Pour utiliser au mieux les énergies renouvelables, diminuer les consommations d’énergie tout en préparant l’arrivée des véhicules électriques, le réseau électrique doit devenir « intelligent ». Le point sur les expériences en cours.

© Renard

Imaginez-vous dans une dizaine ou une vingtaine d’années. Vous revenez du travail, vous garez votre voiture électrique et la branchez immédiatement pour la recharger. Puis vous rentrez chez vous, allumez les lumières et le four pour préparer le repas du soir. Au même moment, des millions de personnes font la même chose, créant une forte demande d’électricité, un « pic de consommation ». Manque de chance, le vent est tombé et les éoliennes, qui représentent en 2025 une part non négligeable de l’électricité française, sont quasi à l’arrêt. Les panneaux photovoltaïques ne fonctionnent pas non plus, car il fait nuit. Comment éviter le black-out ? La réponse pourrait être : le Smart Grid, ou « réseau intelligent ».

D’où provient l’électricité ?

En France, près de 80 % de l’électricité provient des centrales nucléaires. Elles fournissent l’électricité dite « de base », régulière et continue. C’est aussi le cas des centrales thermiques au charbon. Lorsque la demande excède cette base, d’autres moyens de production entrent en jeu. Certains sont capables de réagir en quelques heures, comme les centrales au fioul, d’autres en quelques minutes, comme les centrales au gaz. Enfin, l’hydroélectricité, extrêmement flexible, permet de répondre aux variations de la demande en quelques secondes. Quant aux énergies renouvelables intermittentes (éolien et solaire), leur production est liée aux conditions météorologiques.

Les enjeux du Smart Grid

Aux États-Unis en 1919, une automobile électrique en charge... Une voiture en 1900 © Cress-Dale Photo Co, Seattle / Domaine public

L’idée est simple : différer les demandes d’électricité non urgentes pour répartir les consommations et éviter le black-out. Par exemple, si vous ne reprenez la voiture que le lendemain, peu importe qu’elle se recharge dès 19h ou à partir de 2h du matin, pourvu qu’elle soit prête au moment où vous partez. De même, le chauffage peut se mettre en route quelques minutes plus tard sans que les occupants ne le ressentent. En revanche, l’éclairage ou la télévision ne seraient pas concernés par ces reports. Et l’usager pourrait à tout moment reprendre la main sur ses consommations, par exemple en rechargeant sa voiture dès son arrivée chez lui s’il compte ressortir. Enfin, « le Smart Grid, en limitant les pics de consommation, permet de réduire le recours aux centrales électriques à gaz ou au fioul, donc de réduire les émissions de CO2 dues à la production d’électricité », indique Daniel Clément, directeur scientifique adjoint de l’Agence de l’environnement et de la maîtrise de l’énergie (Ademe).

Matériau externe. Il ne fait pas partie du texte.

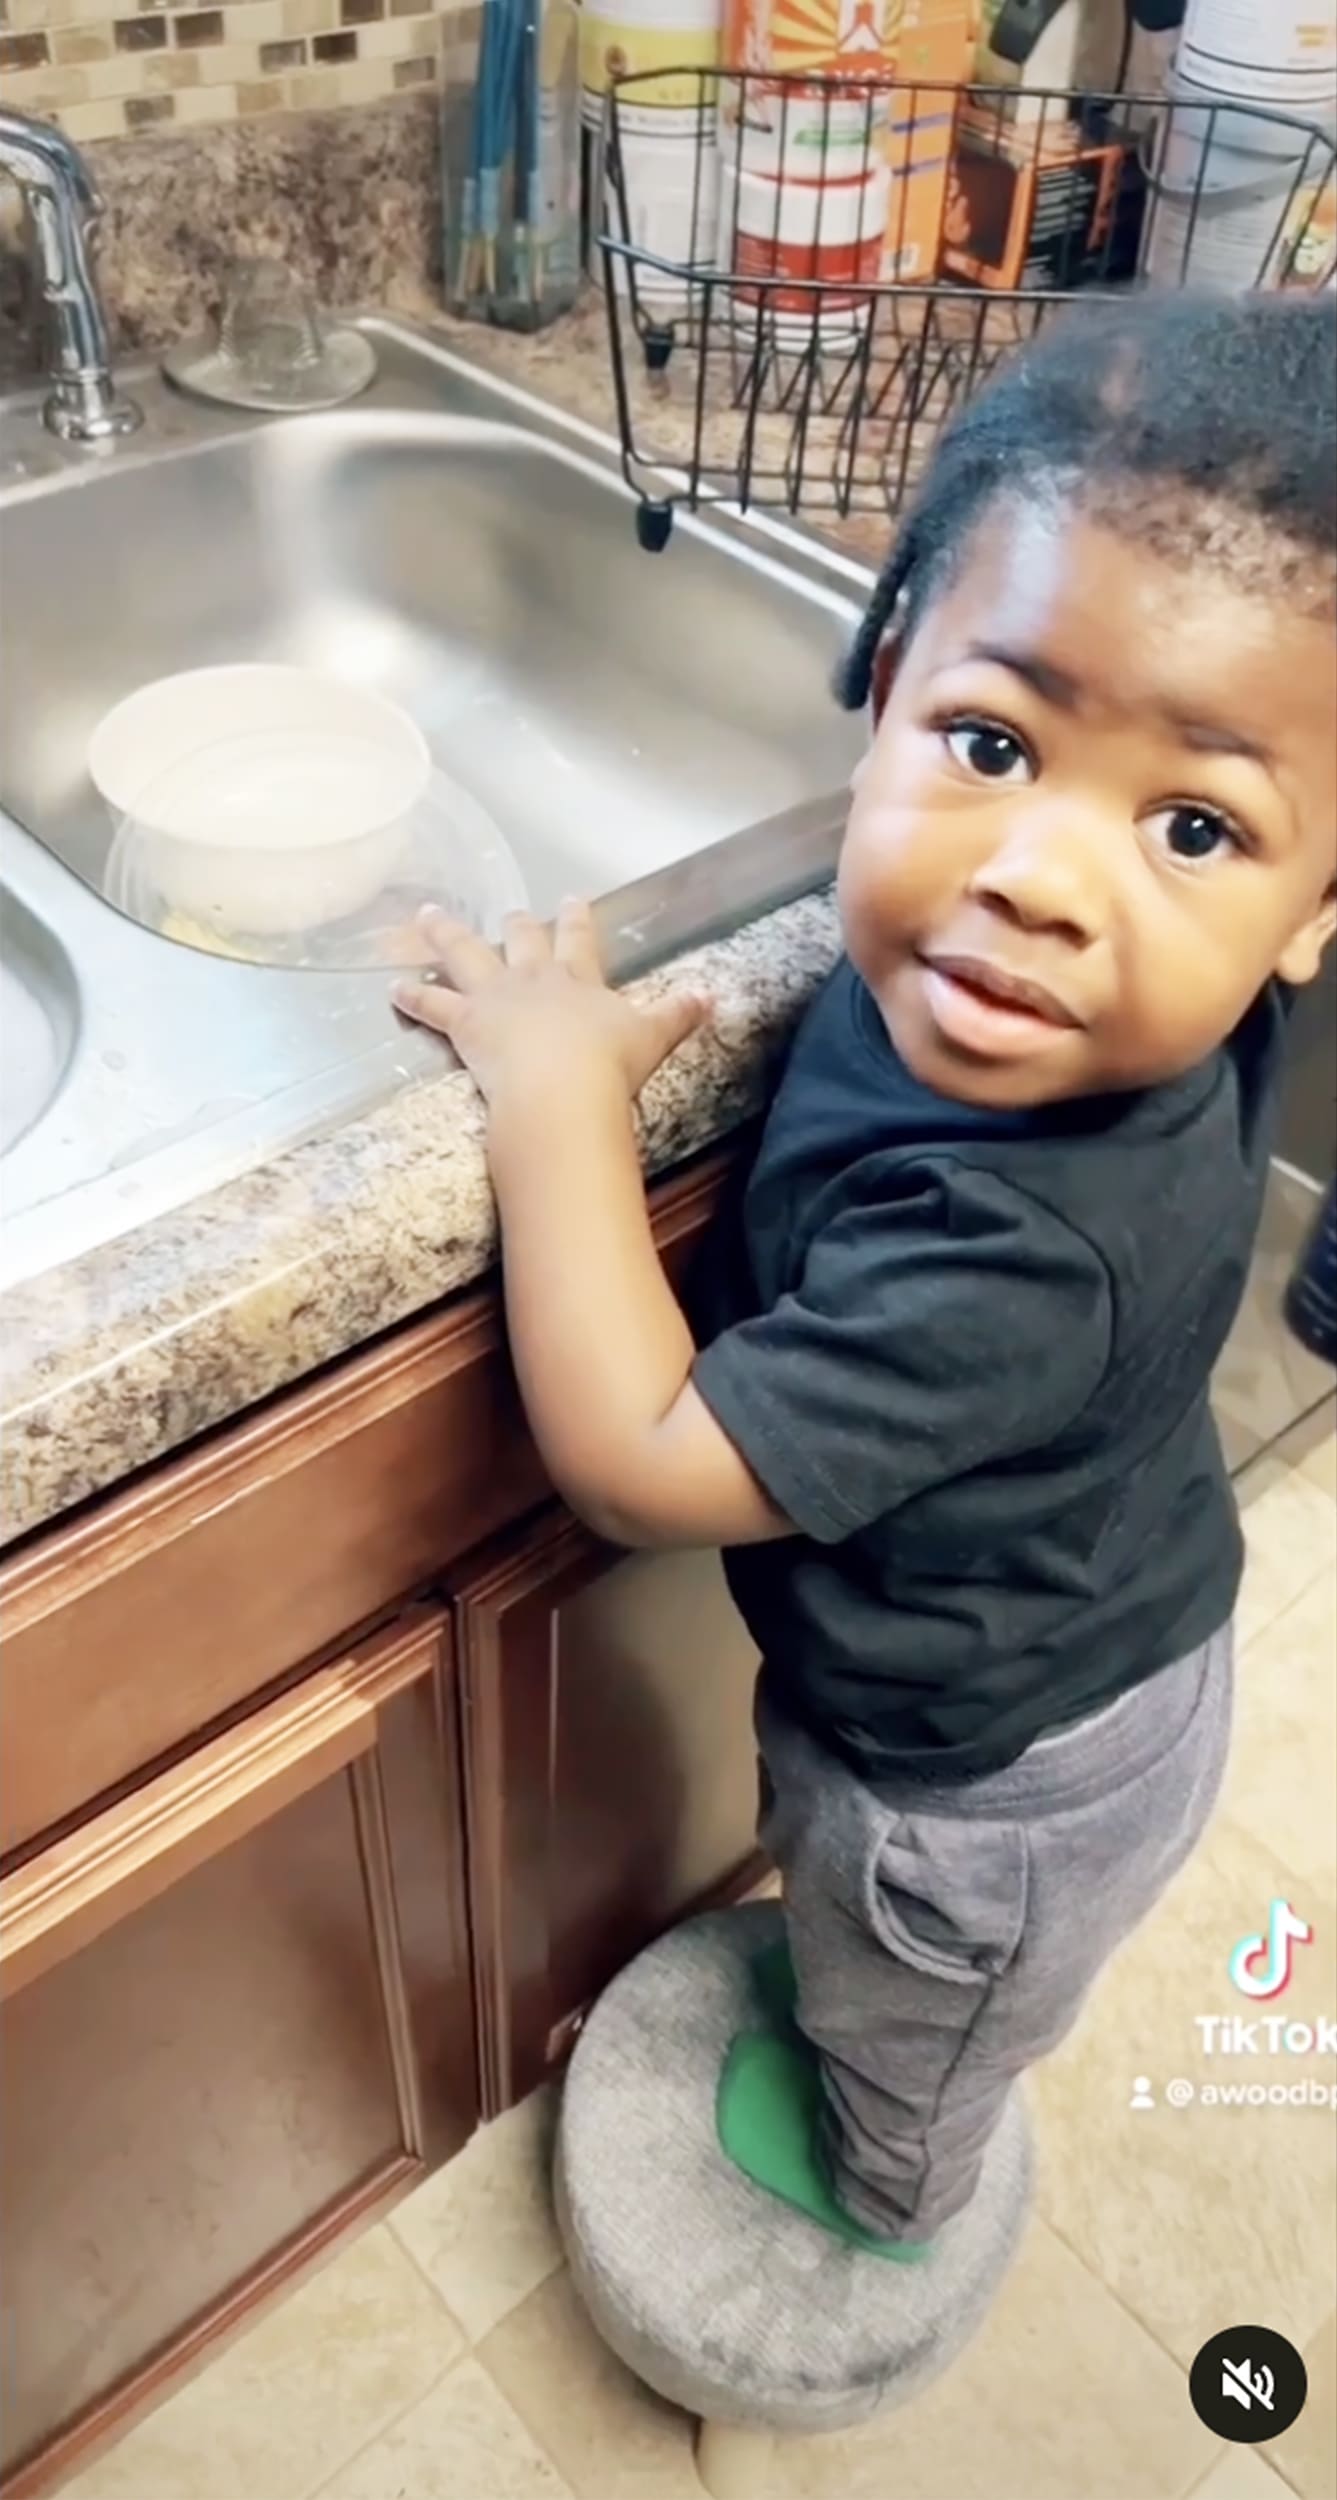 Toddler Makes Mess Washing Dishes And Has Funny Response

Nouveau programme européen Grid4EU

Le 22 novembre 2011, a été lancé le programme européen Grid4EU, pour un budget total de 54 millions d’euros, dont 25 millions d’euros provenant de l’Union européenne. Ce programme repose sur six démonstrateurs de réseaux électriques intelligents testés pendant quatre ans dans six pays européens. L’opérateur français ERDF, pilote de l’ensemble, a choisi d’implanter son démonstrateur dans la région niçoise : Nicegrid aura un budget de 28 millions d’euros octroyés par l’Ademe.

Il s’agit d’un changement complet dans la manière de gérer le réseau électrique. Aujourd’hui, celui-ci fonctionne à sens unique : le consommateur utilise autant d’électricité qu’il veut, quand il veut, et les producteurs s’arrangent pour fournir cette quantité à chaque seconde. Cela ne va pas sans poser problème : lorsque le thermomètre chute et que les radiateurs électriques fonctionnent à plein, les pics de consommation vers 19h requièrent la mise en route de presque tous les moyens de production, et les gestionnaires du réseau sont sur des charbons ardents. Malgré tout, ce réseau marche plutôt bien aujourd’hui, mais à terme, ce mode de fonctionnement n’est plus possible, à cause de l’arrivée des véhicules électriques et de l’essor des énergies renouvelables telles que le photovoltaïque et l’éolien. Celles-ci sont intermittentes : on ne peut pas commander leur production, même si on peut la prévoir 24 voire 48 h à l’avance, à l’aide des prévisions météo. Il faut donc jouer sur la demande, et plus seulement sur l’offre : c’est tout l’enjeu du Smart Grid.

Le stockage d’électricité reste complexe

© Renard

L’électricité se stocke très difficilement, c’est pourquoi à chaque instant, il faut que la production corresponde à la demande. Les gestionnaires du réseau demandent donc aux producteurs d’énergie de mettre en route ou d’arrêter leurs productions en fonction de la demande. Il existe néanmoins quelques moyens de stockage, essentiellement grâce aux centrales hydroélectriques possédant un bassin amont et un bassin aval : on pompe l’eau vers le bassin amont lorsque la demande en électricité est basse, et on turbine vers l’aval lorsque la demande est forte. On appelle cela des stations de transfert d’énergie par pompage (Step). Il existe aussi des expérimentations de stockage de l’électricité à l’aide de batteries sodium-soufre (projet Gerri à l’île de la Réunion), mais le coût reste élevé.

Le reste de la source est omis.